Your objective
Copy exactly, and only, the lines from the line containing "50/50 Blend" through the last line of the records below, both included, and leave out any pictures.

Dataset content
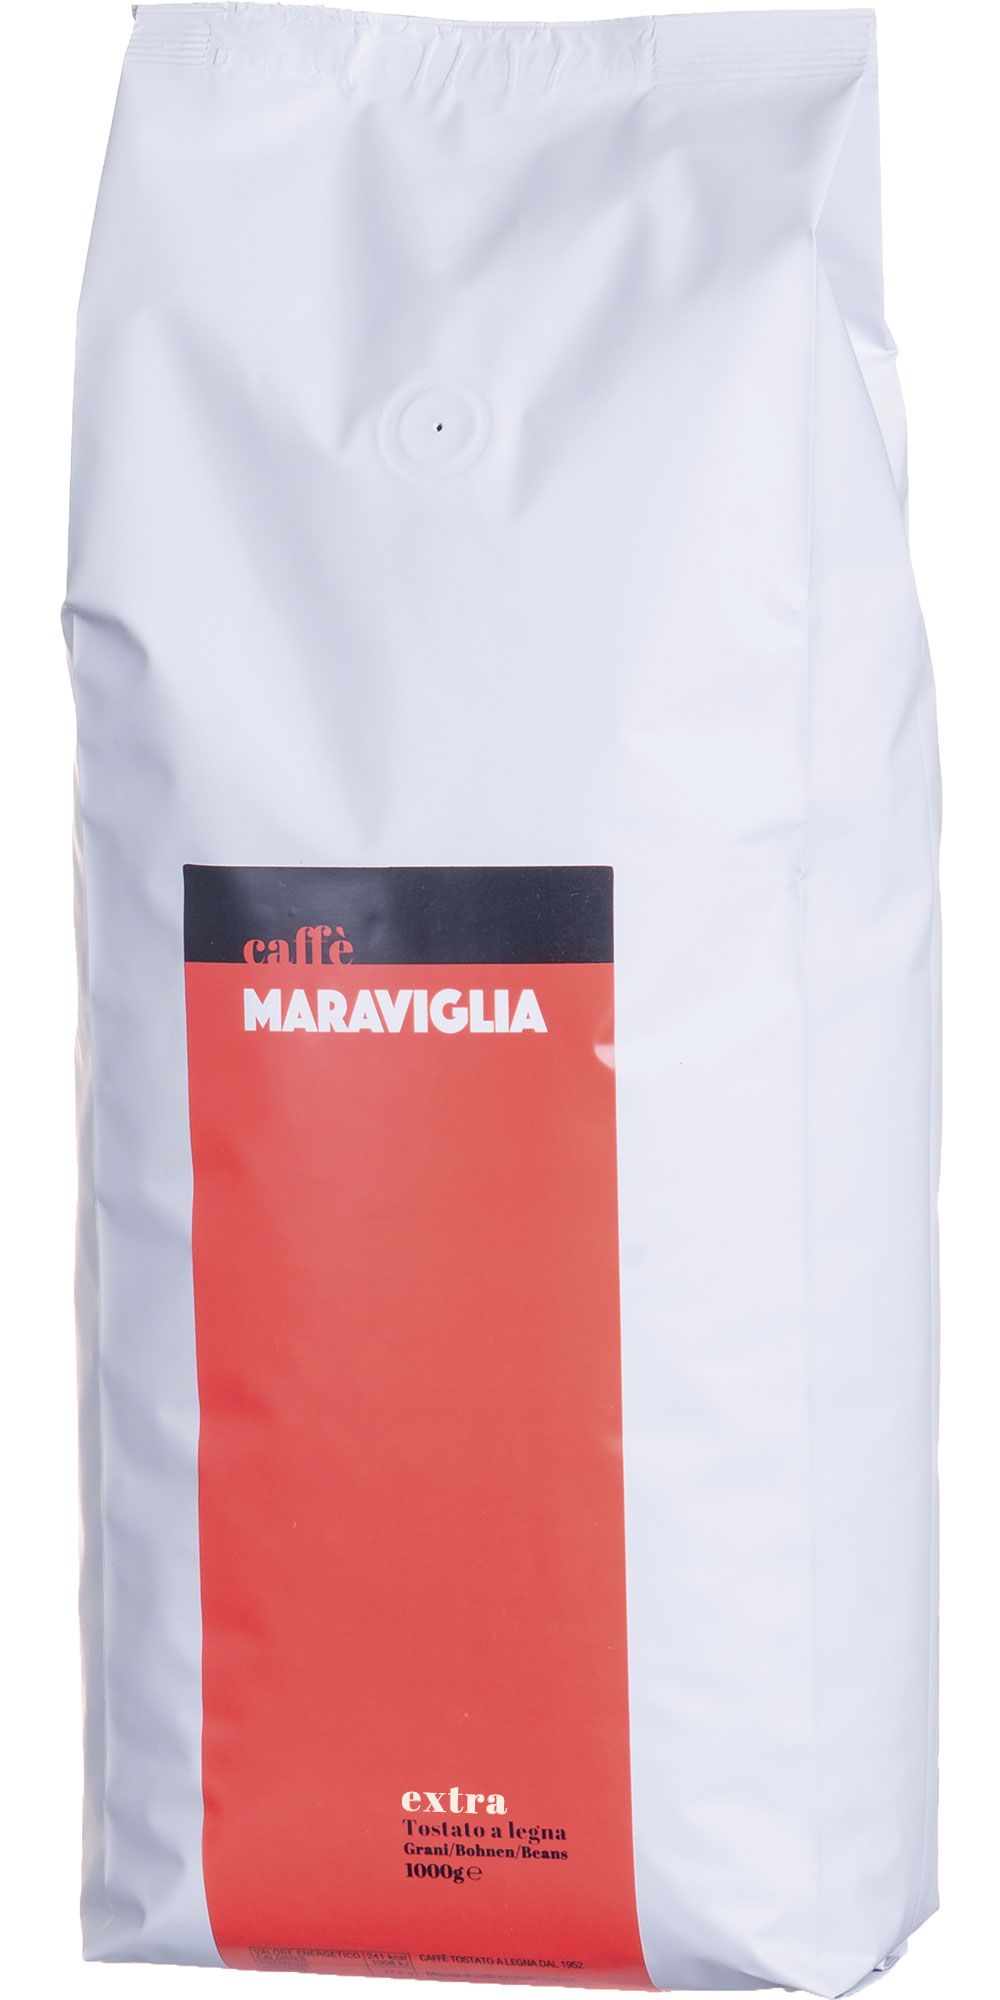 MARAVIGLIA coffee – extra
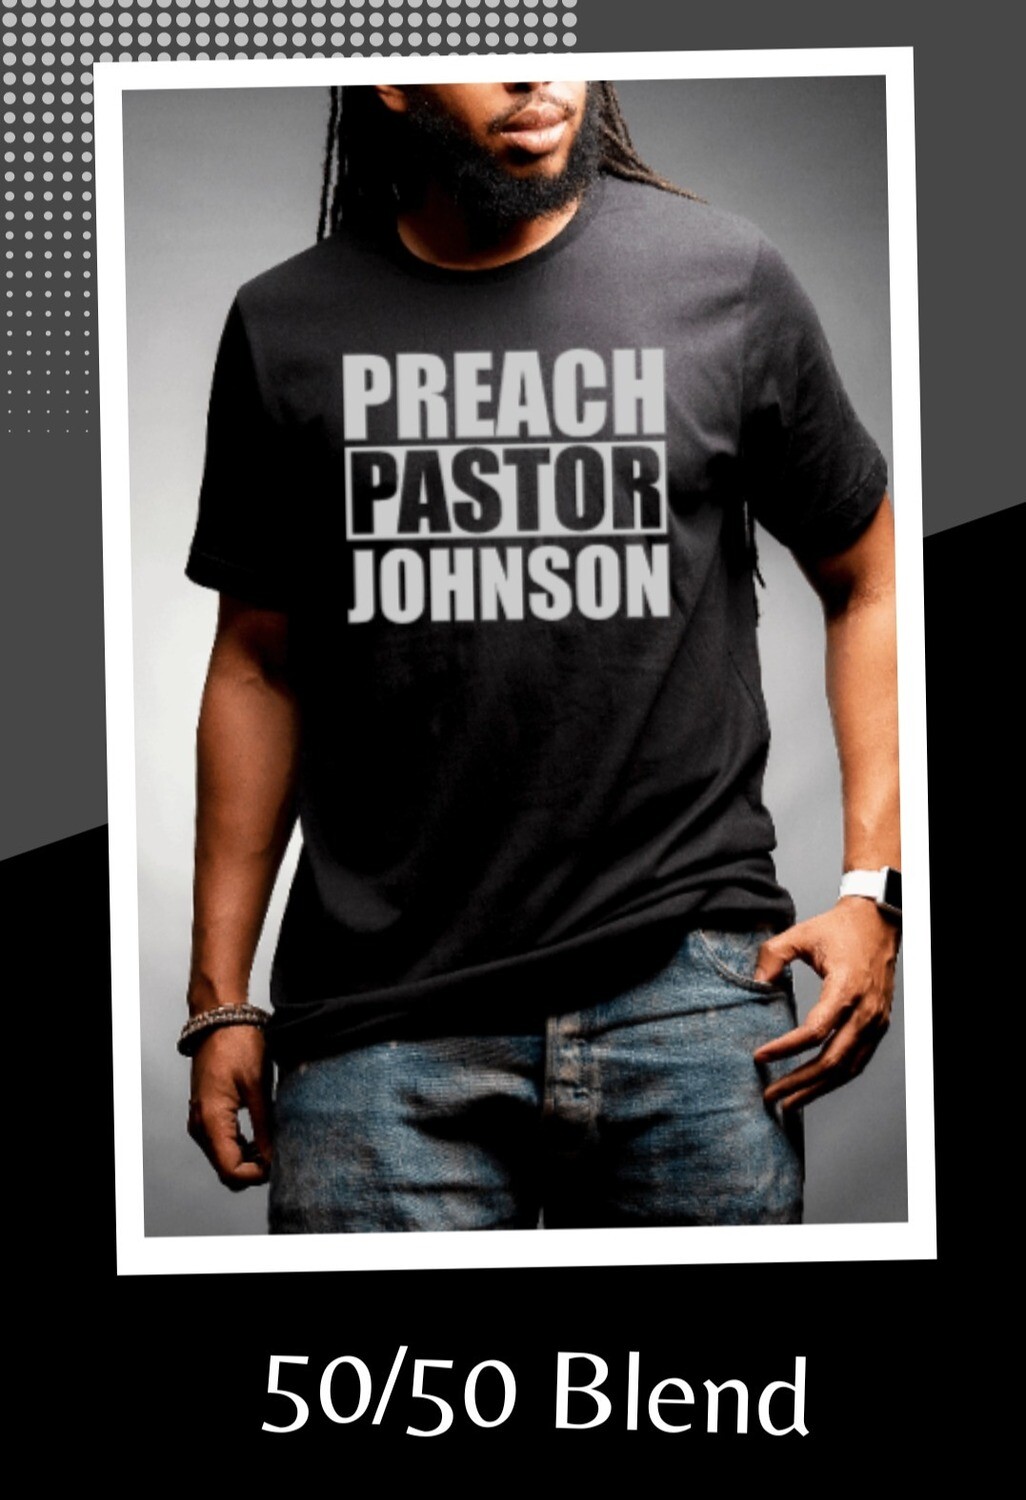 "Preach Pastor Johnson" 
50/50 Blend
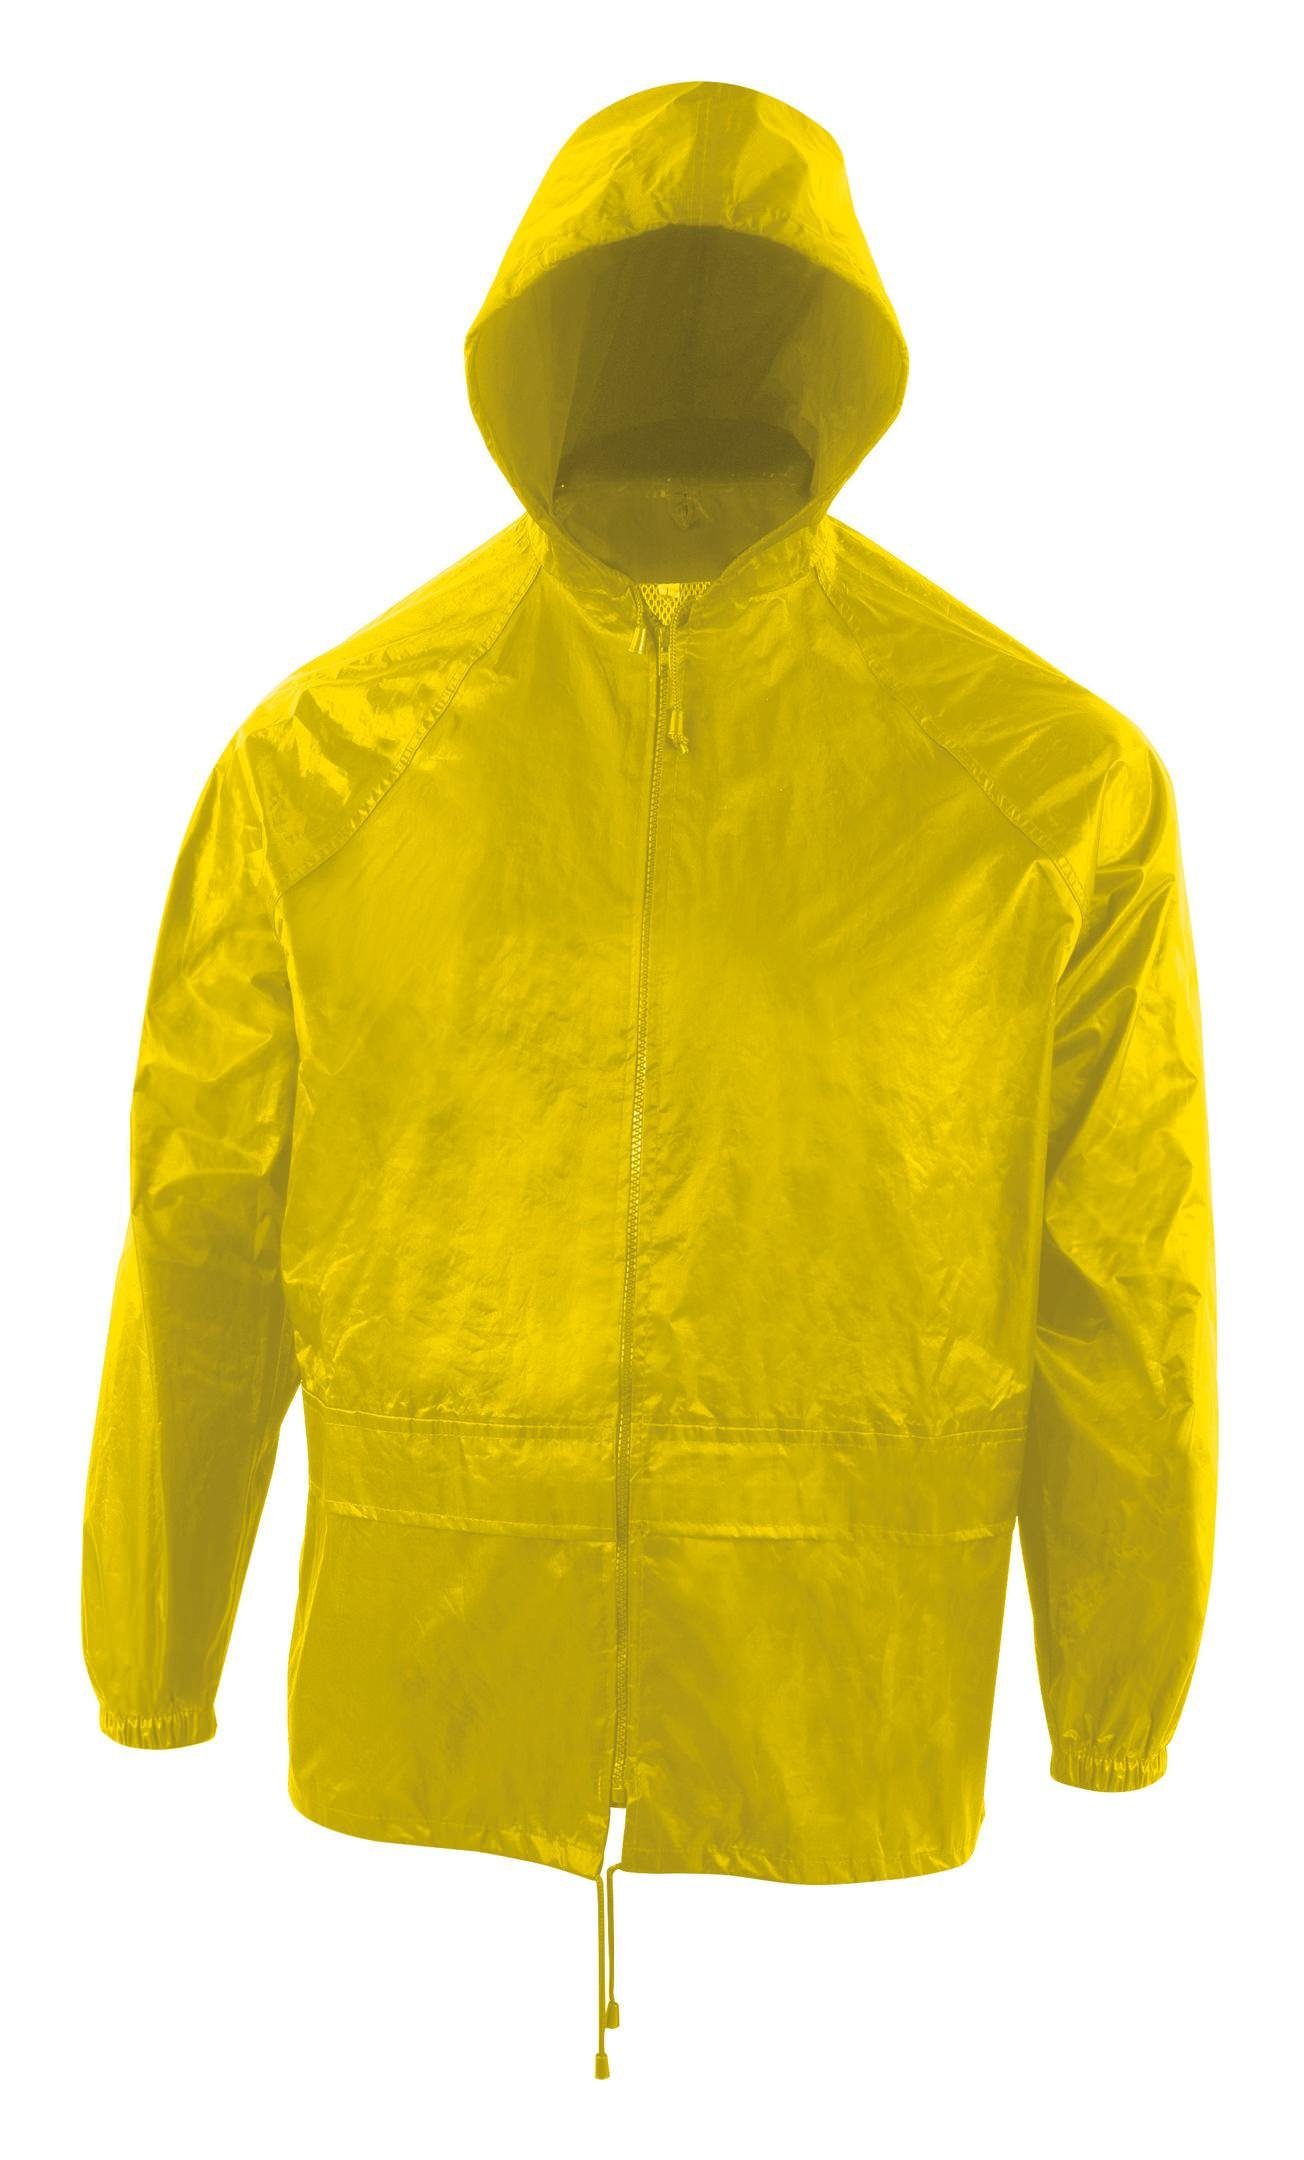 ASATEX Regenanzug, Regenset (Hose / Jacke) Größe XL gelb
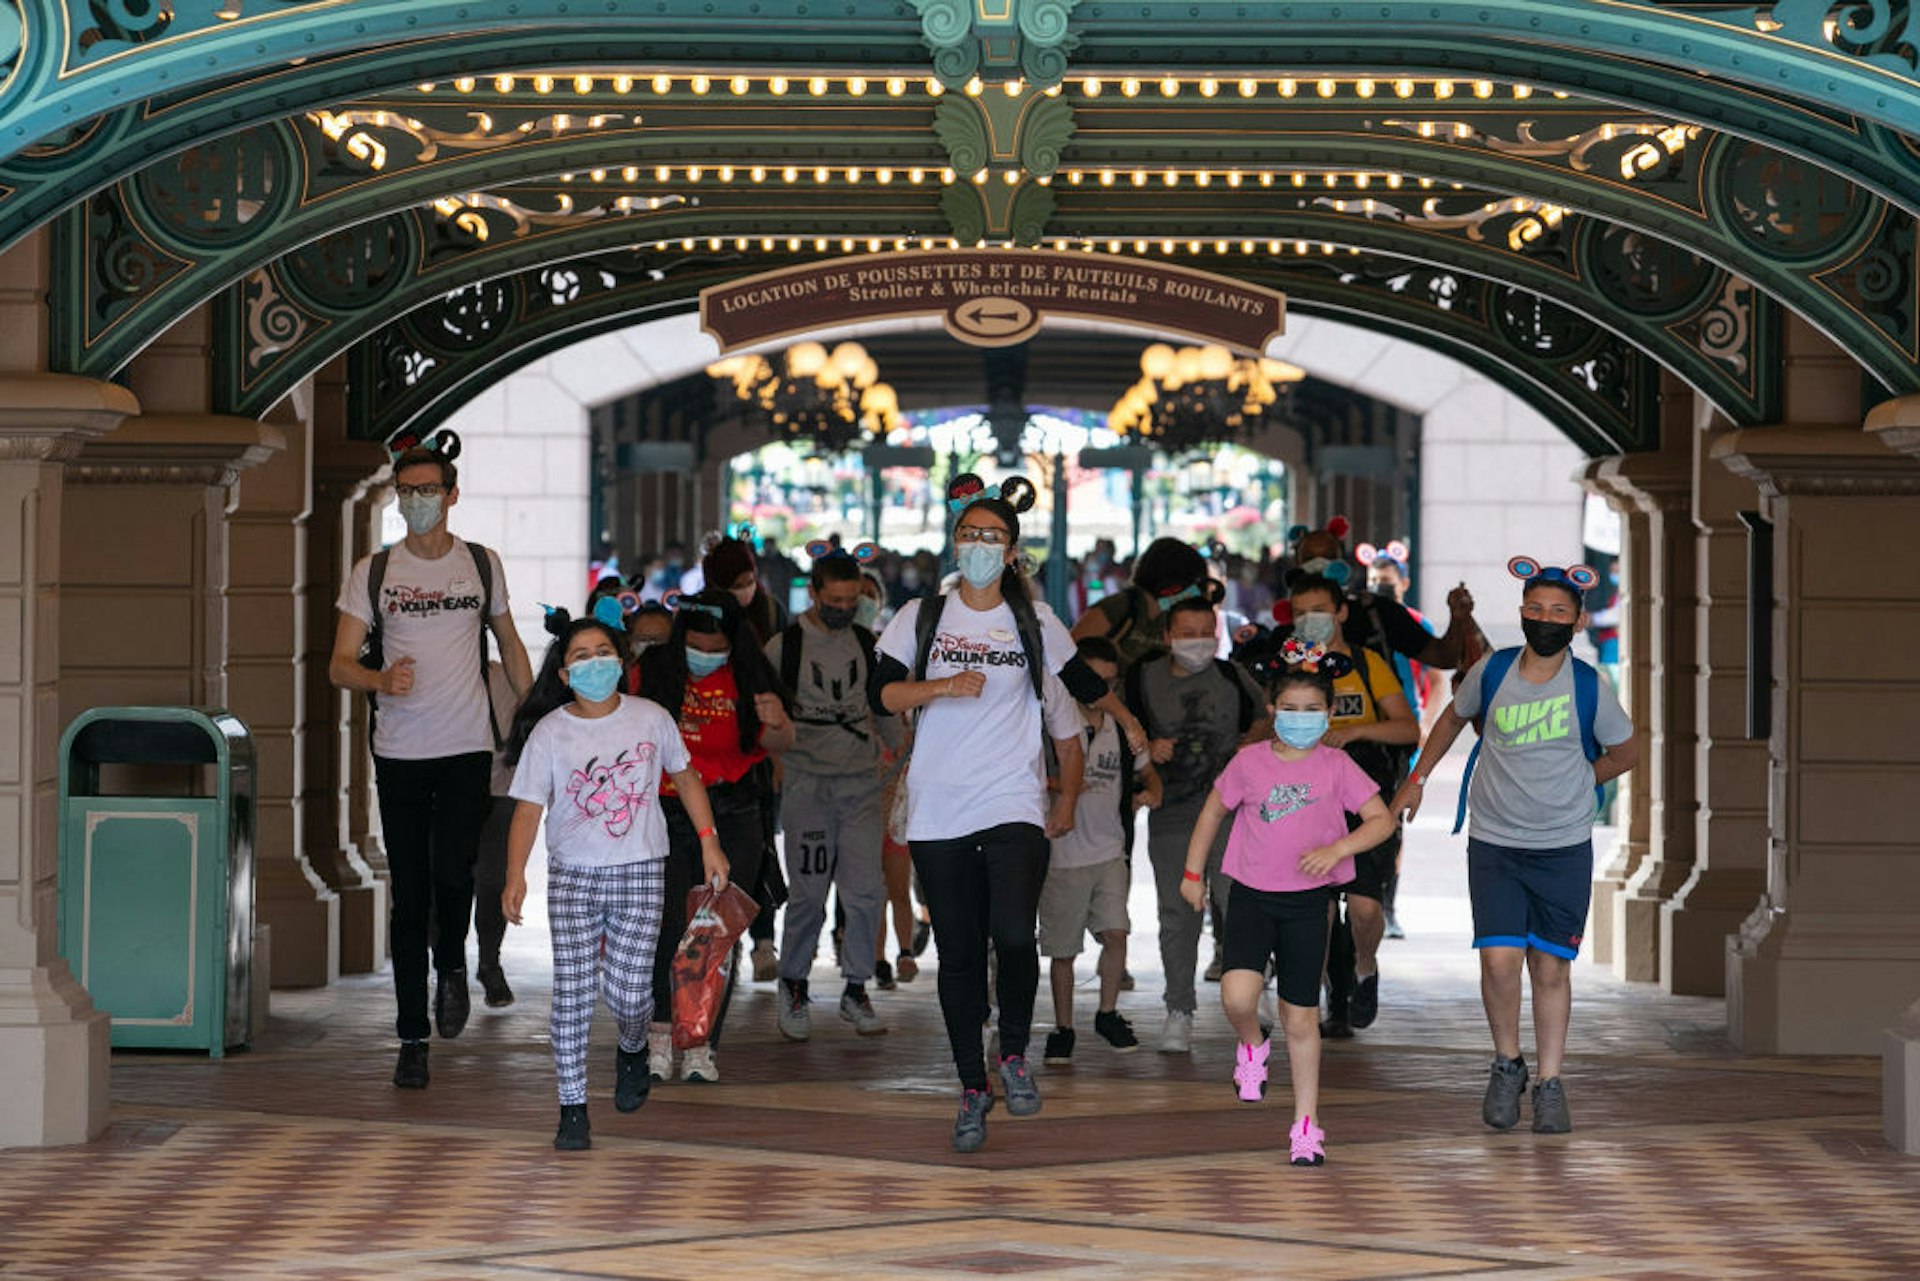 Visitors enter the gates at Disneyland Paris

Answer section
50/50 Blend
 ASATEX Regenanzug, Regenset (Hose / Jacke) Größe XL gelb
 Visitors enter the gates at Disneyland Paris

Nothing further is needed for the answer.